Tetes-tetes darah hitam mulai berjatuhan dari sayap Paman Chen, dan setiap tetes yang menyentuh tanah berubah menjadi makhluk mengerikan - replika-replika dari kultivator yang telah dia bunuh.
"Bagaimana, keponakanku?" Paman Chen tersenyum lebar. "Inilah kekuatan sesungguhnya! Bukan harmonisasi pedang konyolmu itu... tapi DOMINASI!"

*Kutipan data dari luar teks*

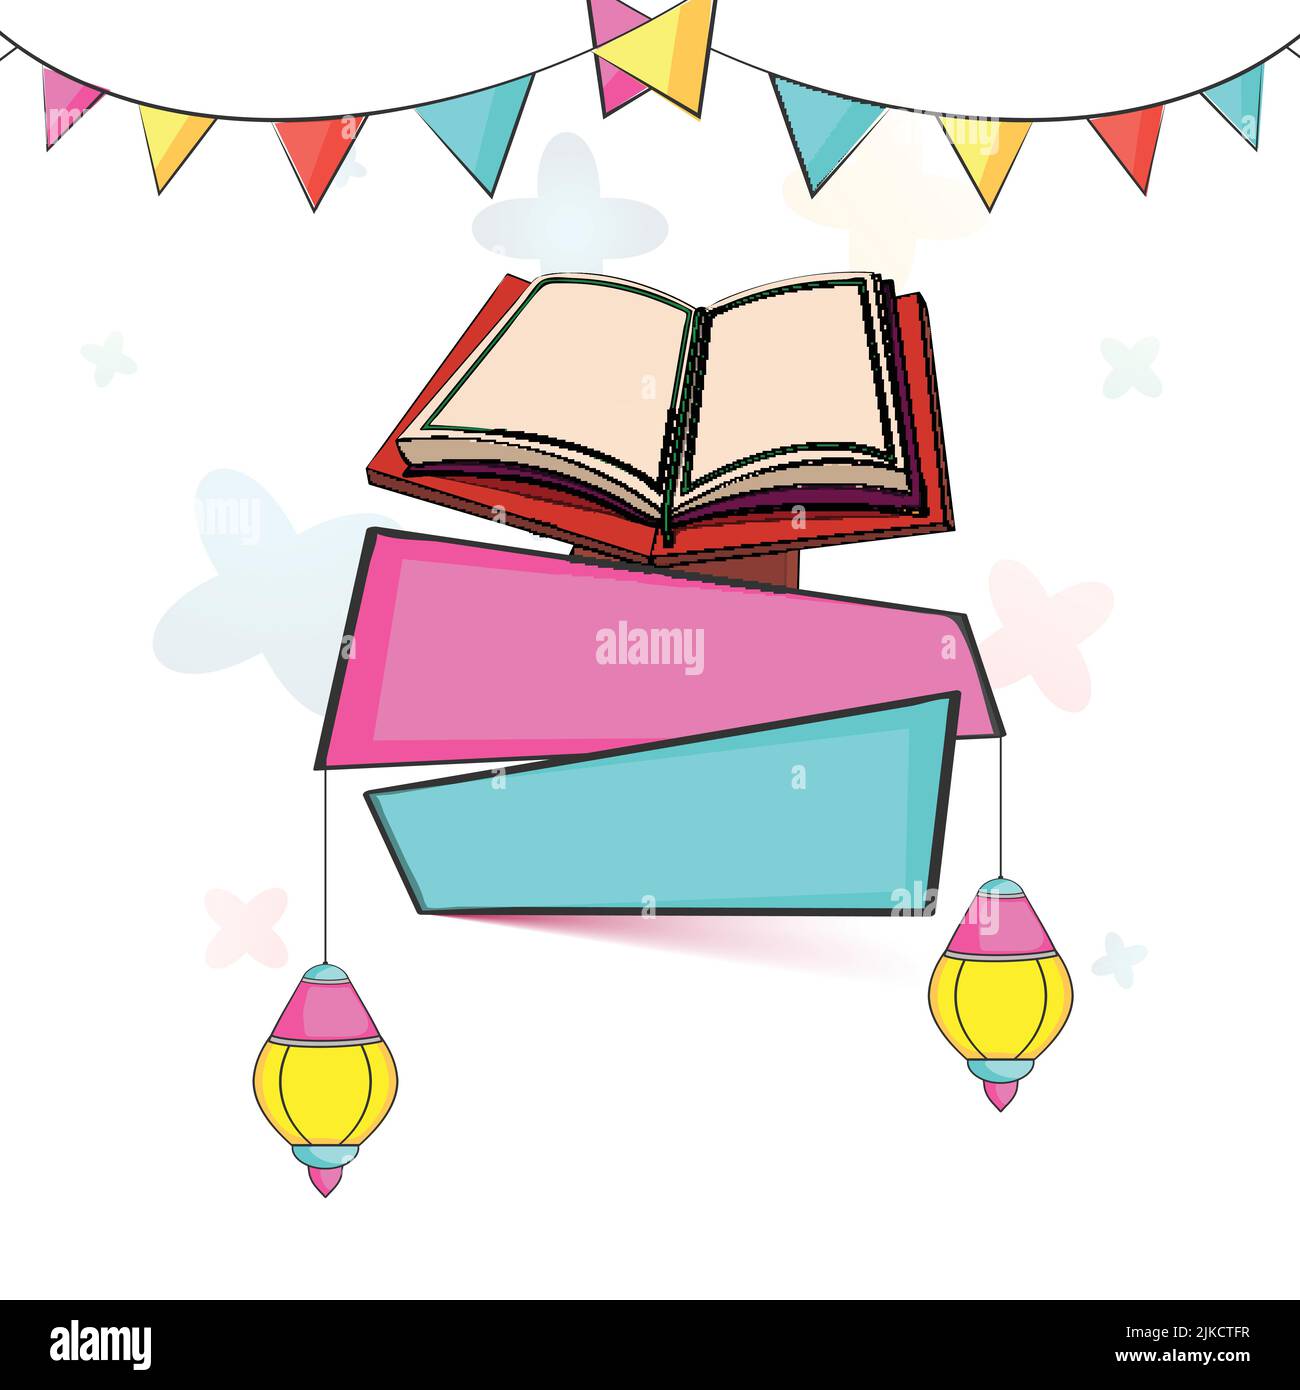 Islamic Holy Book Quran with blank paper banners and hanging lanterns for Muslim Community Festivals celebration. Stock Vector

Liu Wei tidak menjawab. Alih-alih, dia memejamkan mata, membiarkan resonansi kedua pedang mengalir dalam dirinya.
"Satu menit," Kaisar Bayangan berbisik. Tapi kali ini, ada sesuatu yang berbeda dalam suaranya - seolah dia juga... menunggu sesuatu.
"Liu Wei..." Xiao Mei berusaha bangkit, tapi kakinya masih lemah akibat ritual tadi. "Aku... aku tidak mau kehilanganmu..."
Mendengar suara Xiao Mei, Liu Wei membuka matanya. Dan saat itulah, sesuatu yang menakjubkan terjadi.
Pedang Penyerap Jiwa dan Pedang Pembakar Surga mulai berputar di sekelilingnya, menciptakan pusaran energi yang memadukan cahaya putih murni dan api keemasan.
"Ini..." Guru Feng terkesiap. "Teknik Legendaris yang hilang... Harmoni Penghancur Surga!"
Paman Chen menggeram. "Tidak peduli teknik apa yang kau gunakan! Kalian semua akan menjadi PERSEMBAHAN!" Dia mengangkat tangannya, dan ratusan makhluk darah di bawahnya mulai bergerak.
Di tengah kekacauan itu, Liu Wei menatap Xiao Mei untuk terakhir kalinya. "Terima kasih," bisiknya. "Untuk memberiku alasan... untuk mengingat kembali siapa diriku."
"Tiga puluh detik," Kaisar Bayangan menghitung mundur.
Tapi Liu Wei sudah tidak peduli dengan waktu lagi. Karena dalam momen ini, saat kedua pedang beresonansi dalam harmoni sempurna, dia akhirnya mengingat...
Mengingat mengapa takdirnya... adalah menghentikan semua ini.
Karena terkadang, untuk menciptakan harmoni yang sempurna...
Kita harus rela menjadi instrumen kehancuran.
Dan di bawah langit yang menangis darah, Harmoni Penghancur Surga mulai menggetarkan fondasi dunia itu sendiri.